In this notebook, we will accomplish the following:

* Load clinical data as a DataFrame `clinical`, required to define class label `clinical[Label] : bool`
* Load molecular data as an mxn DataFrame, `genes`. We will select the appropriate rows (patients) and match the `genes` DataFrame with the `clinical` data.

In [1]:
import pandas as pd 
import numpy as np
import matplotlib.pyplot as plt
%matplotlib inline

import sagemaker
from sagemaker import get_execution_role

In [2]:
## My custom helper functions
from helpers import *

## Step 0. Load Sagemaker Resources

The data downloaded has been uploaded to S3 default bucket manually.

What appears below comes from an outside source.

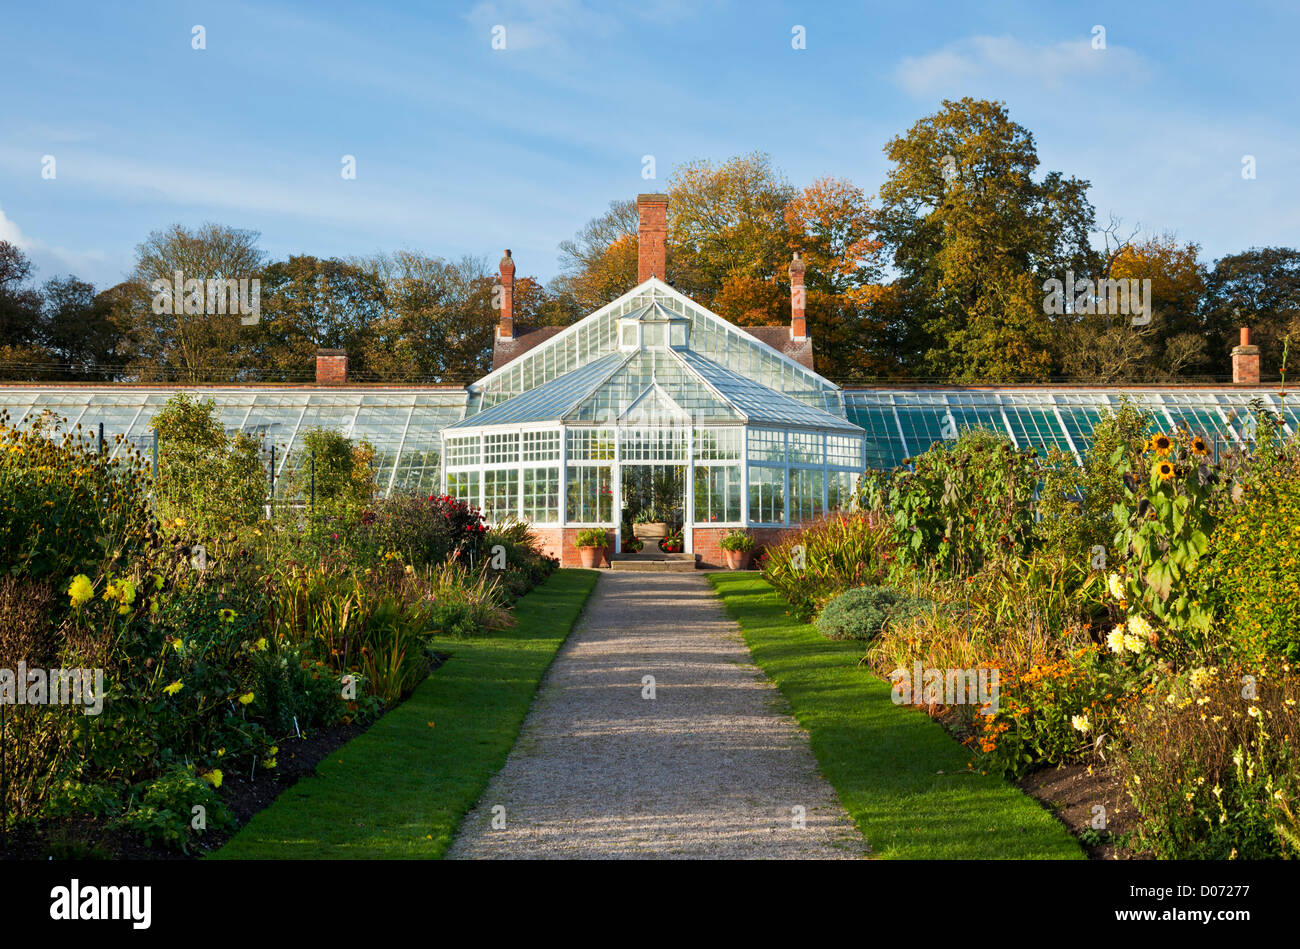 L'immense serre victorienne rénovée dans le jardin clos à Clumber park Norfolk England UK GB EU Europe Banque D'Images

Note: These Jupyter Notebooks and associated S3 objects were on my personal AWS account.

In [3]:
sagemaker_session = sagemaker.Session()
sagemaker_session

<sagemaker.session.Session at 0x7f6a140a8f28>

In [4]:
role = sagemaker.get_execution_role()
role

'arn:aws:iam::644307290749:role/service-role/AmazonSageMaker-ExecutionRole-20210527T073969'

In [5]:
bucket = sagemaker_session.default_bucket()
bucket

'sagemaker-us-west-1-644307290749'

In [6]:
reveal_bucket(bucket)

'assets/'

## Step 1. Load & Handle Gene Features 

Gene features and clinical annotations (required for defining class label) are uploaded to my S3 buckets. 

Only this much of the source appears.